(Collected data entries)
# # # #
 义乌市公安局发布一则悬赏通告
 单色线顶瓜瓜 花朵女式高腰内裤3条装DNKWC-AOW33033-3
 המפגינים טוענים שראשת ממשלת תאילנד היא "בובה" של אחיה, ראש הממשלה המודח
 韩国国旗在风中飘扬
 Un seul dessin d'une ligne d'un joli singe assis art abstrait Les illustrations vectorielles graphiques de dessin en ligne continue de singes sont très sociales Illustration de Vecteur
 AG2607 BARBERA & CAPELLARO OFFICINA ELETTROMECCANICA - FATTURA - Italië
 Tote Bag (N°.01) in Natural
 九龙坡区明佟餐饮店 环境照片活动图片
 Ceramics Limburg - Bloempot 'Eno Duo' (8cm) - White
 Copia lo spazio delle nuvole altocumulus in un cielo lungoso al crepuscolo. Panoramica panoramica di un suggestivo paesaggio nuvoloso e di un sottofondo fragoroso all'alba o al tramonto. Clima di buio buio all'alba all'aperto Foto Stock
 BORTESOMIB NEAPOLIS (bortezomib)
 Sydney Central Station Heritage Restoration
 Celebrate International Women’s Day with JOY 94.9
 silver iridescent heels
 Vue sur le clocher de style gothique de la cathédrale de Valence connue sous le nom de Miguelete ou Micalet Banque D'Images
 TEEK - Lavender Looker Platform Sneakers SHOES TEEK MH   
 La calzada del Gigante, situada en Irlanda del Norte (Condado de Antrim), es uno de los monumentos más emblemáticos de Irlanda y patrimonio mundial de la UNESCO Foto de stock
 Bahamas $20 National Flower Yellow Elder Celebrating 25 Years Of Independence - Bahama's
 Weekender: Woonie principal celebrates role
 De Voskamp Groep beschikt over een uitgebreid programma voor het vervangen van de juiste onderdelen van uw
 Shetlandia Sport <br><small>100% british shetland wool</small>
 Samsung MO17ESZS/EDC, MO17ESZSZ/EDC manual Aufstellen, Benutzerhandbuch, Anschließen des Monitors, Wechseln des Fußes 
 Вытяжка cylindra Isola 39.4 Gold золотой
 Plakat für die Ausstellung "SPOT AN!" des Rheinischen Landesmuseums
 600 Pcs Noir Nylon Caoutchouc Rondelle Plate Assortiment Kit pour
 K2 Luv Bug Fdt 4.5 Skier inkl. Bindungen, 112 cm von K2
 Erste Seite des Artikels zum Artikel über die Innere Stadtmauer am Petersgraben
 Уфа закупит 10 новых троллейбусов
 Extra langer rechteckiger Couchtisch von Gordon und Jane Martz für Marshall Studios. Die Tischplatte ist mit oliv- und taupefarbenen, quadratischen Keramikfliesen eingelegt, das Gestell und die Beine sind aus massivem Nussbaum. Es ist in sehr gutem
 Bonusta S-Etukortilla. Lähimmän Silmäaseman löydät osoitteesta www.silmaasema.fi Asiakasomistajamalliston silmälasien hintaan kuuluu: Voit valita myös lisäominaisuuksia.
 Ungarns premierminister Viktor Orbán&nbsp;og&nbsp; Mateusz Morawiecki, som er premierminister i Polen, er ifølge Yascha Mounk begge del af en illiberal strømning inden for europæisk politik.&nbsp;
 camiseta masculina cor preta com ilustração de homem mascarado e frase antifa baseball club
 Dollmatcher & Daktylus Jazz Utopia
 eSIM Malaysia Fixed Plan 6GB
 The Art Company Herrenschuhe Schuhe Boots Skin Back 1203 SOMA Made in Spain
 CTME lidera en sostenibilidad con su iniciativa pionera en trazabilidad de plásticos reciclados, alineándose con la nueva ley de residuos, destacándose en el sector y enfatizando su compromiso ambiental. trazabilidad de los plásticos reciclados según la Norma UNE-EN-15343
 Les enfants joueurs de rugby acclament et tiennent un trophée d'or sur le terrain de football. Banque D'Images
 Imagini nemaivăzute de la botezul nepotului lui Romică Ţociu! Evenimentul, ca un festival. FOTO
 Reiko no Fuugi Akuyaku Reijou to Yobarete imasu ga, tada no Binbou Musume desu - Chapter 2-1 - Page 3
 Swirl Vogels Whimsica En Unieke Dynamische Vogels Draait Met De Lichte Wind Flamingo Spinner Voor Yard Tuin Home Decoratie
# # # #
◆ TASK REQUIREMENTS
The required output is the stretch of entries above from the line containing "eSIM Malaysia Fixed Plan 6GB" through the line containing "Les enfants joueurs", reproduced exactly.

◆ EXERCISE RESULT
 eSIM Malaysia Fixed Plan 6GB
 The Art Company Herrenschuhe Schuhe Boots Skin Back 1203 SOMA Made in Spain
 CTME lidera en sostenibilidad con su iniciativa pionera en trazabilidad de plásticos reciclados, alineándose con la nueva ley de residuos, destacándose en el sector y enfatizando su compromiso ambiental. trazabilidad de los plásticos reciclados según la Norma UNE-EN-15343
 Les enfants joueurs de rugby acclament et tiennent un trophée d'or sur le terrain de football. Banque D'Images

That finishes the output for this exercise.